In the summer of 1841 Philip Hone, the New York merchant and politician whose diary has been such a rich mine of illuminating comment upon his contemporaries, “went on another pleasant excursion up the [Hudson] valley to Tarrytown.…” One of the sights of that idyllic countryside to inspire his diaristic pen was the new country villa of his old political rival, General William Paulding.

“In the course of our drive we went to see Mr. Paulding’s magnificent house, yet unfinished, on the bank below Tarrytown. It is an immense edifice of white or gray marble, resembling a baronial castle, or rather a Gothic monastery, with towers, turrets and trellises; archways, armories and airholes; peaked windows and pinnacled roofs, and many other fantastics too tedious to enumerate, the whole constituting an edifice of gigantic size, with no room in it; which if I mistake not, will one of these days be designated as ‘Paulding’s folly’…”

Throughout the ages men have been given to erecting monuments of unsuitable grandeur to their own glory. In the nineteenth century the banks of the lordly Hudson were especially conducive to the construction of a host of inappropriately palatial or uniquely fantastic dwellings. Unlike the enormous “cottages” that erupted at Newport and other fashionable resorts near the close of the century, when ostentatious display had become an essential ingredient of social rank, the large houses of the Hudson Valley were the products of a more romantic and idealistic spirit. Many were buried in remote fastnesses where only eagles and hawks could be impressed by their grandeur. In the dreamy vale of the mists enshrouding the great river, inspired by long attachment to the forts, castles, and other trappings of feudal ancestors and by a deep sense of insecurity here on earth, many men were tempted to build their “castles in the sand” of stone and mortar.

Mr. Hone’s dire prophecy did not come true. Unlike other architectural excrescences that mushroomed over the American landscape in the nineteenth century, General Paulding’s “immense edifice” never became a derelict monument to the folly of man’s pride and vanity. Lyndhurst, as it was christened by a later owner, still stands, recognized by connoisseurs of architecture as “one of the great houses of America … uniting in its walls the beginning and the culmination of Hudson River Gothic.”

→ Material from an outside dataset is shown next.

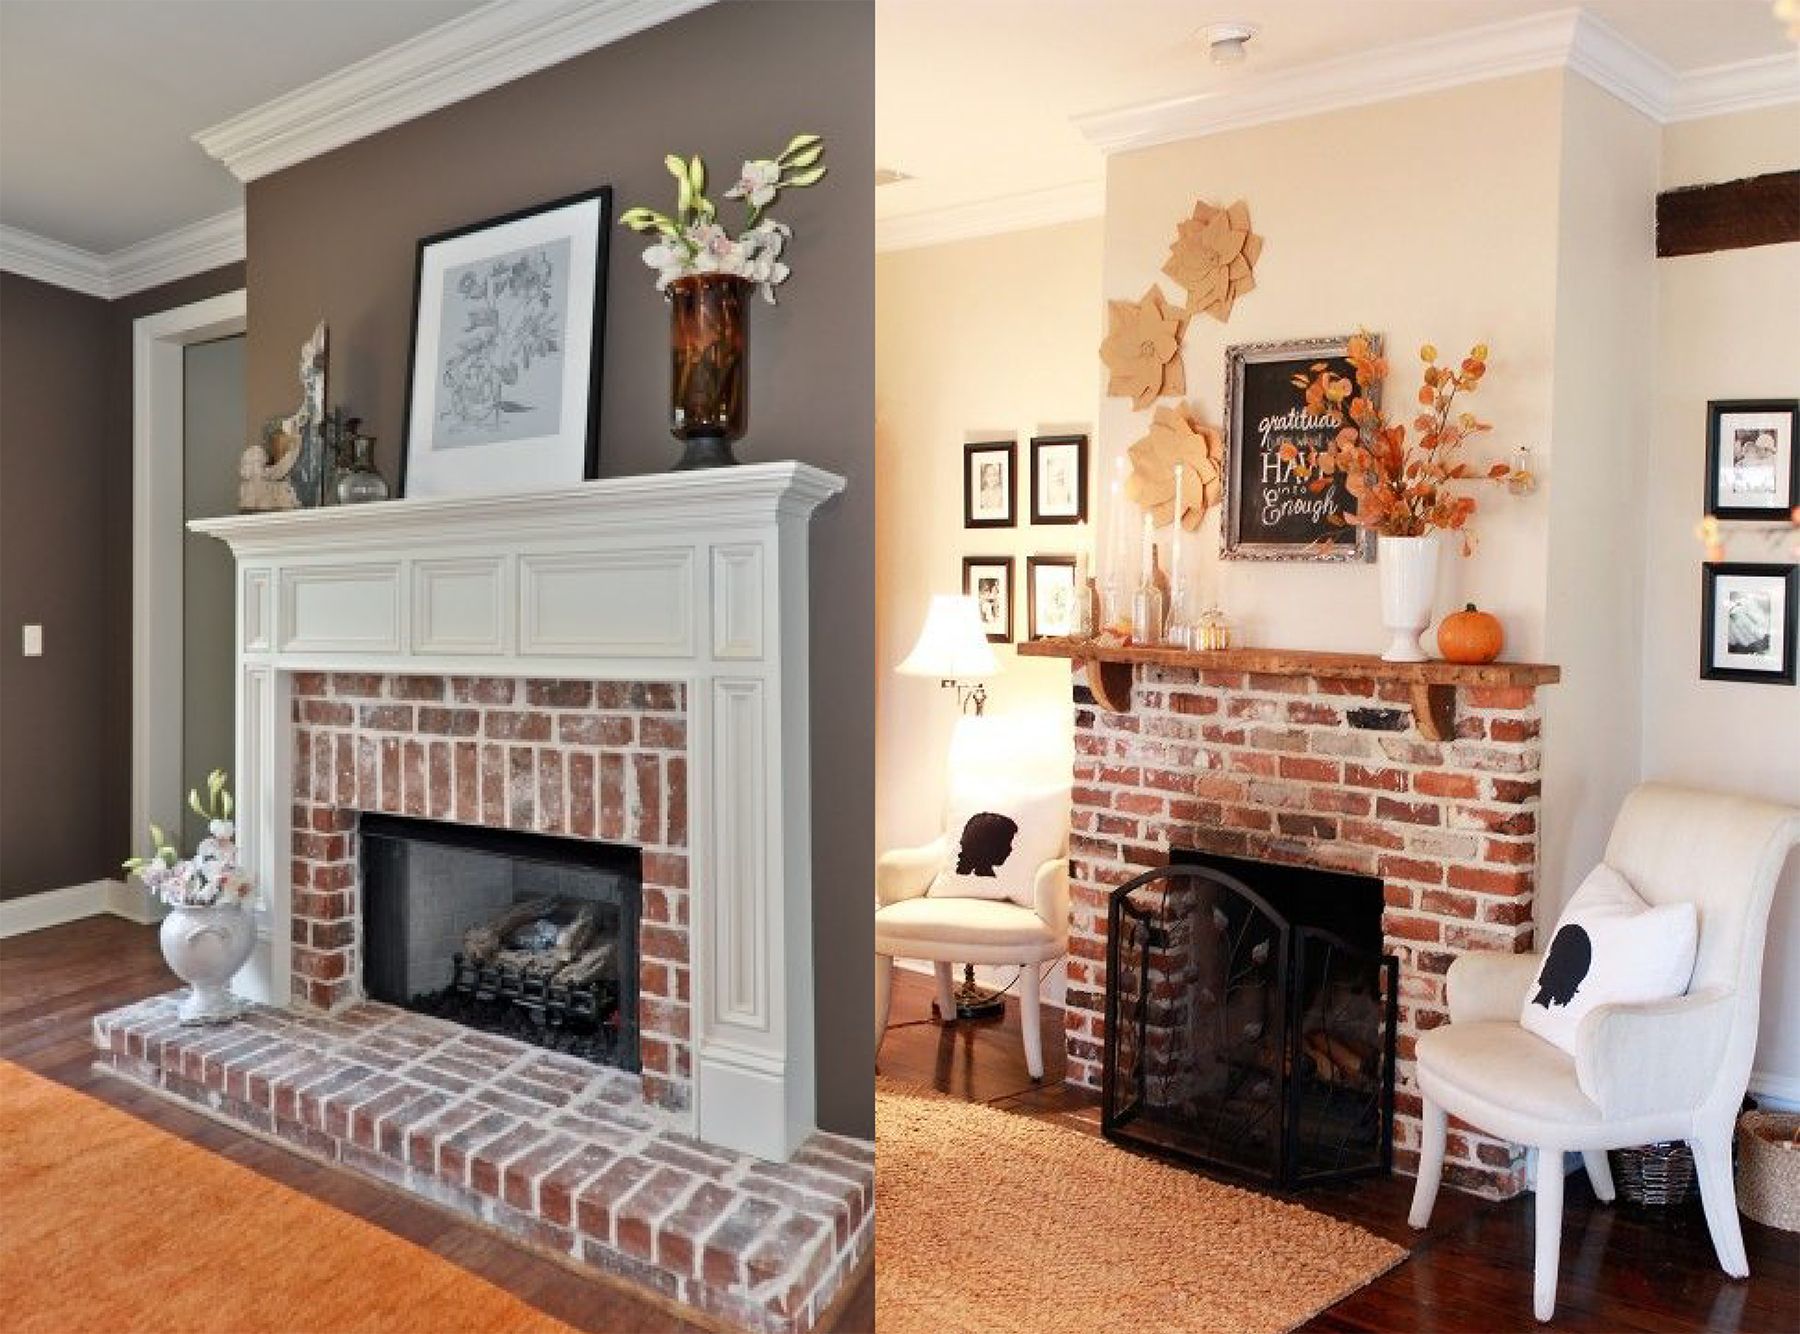 How to Paint A Brick Fireplace to Look Like Stone Fresh Exposed Brick Fireplace Almond Home In 2019

For the social historian, the men and women who have lived at Lyndhurst provide a superb epitome of the growth of the American economy in the nineteenth century and an unglossed portrait gallery of those who have been both its leaders and often its choicest beneficiaries. General Paulding was a rich lawyer who married an heiress of the Rhinelander family richer than himself. George Merritt, who bought Lyndhurst from Paulding’s descendants in 1864, was first a prosperous merchant and later a successful investor in the booming industrial by-products of the tremendous growth of railroads in the eighteen-fifties and sixties.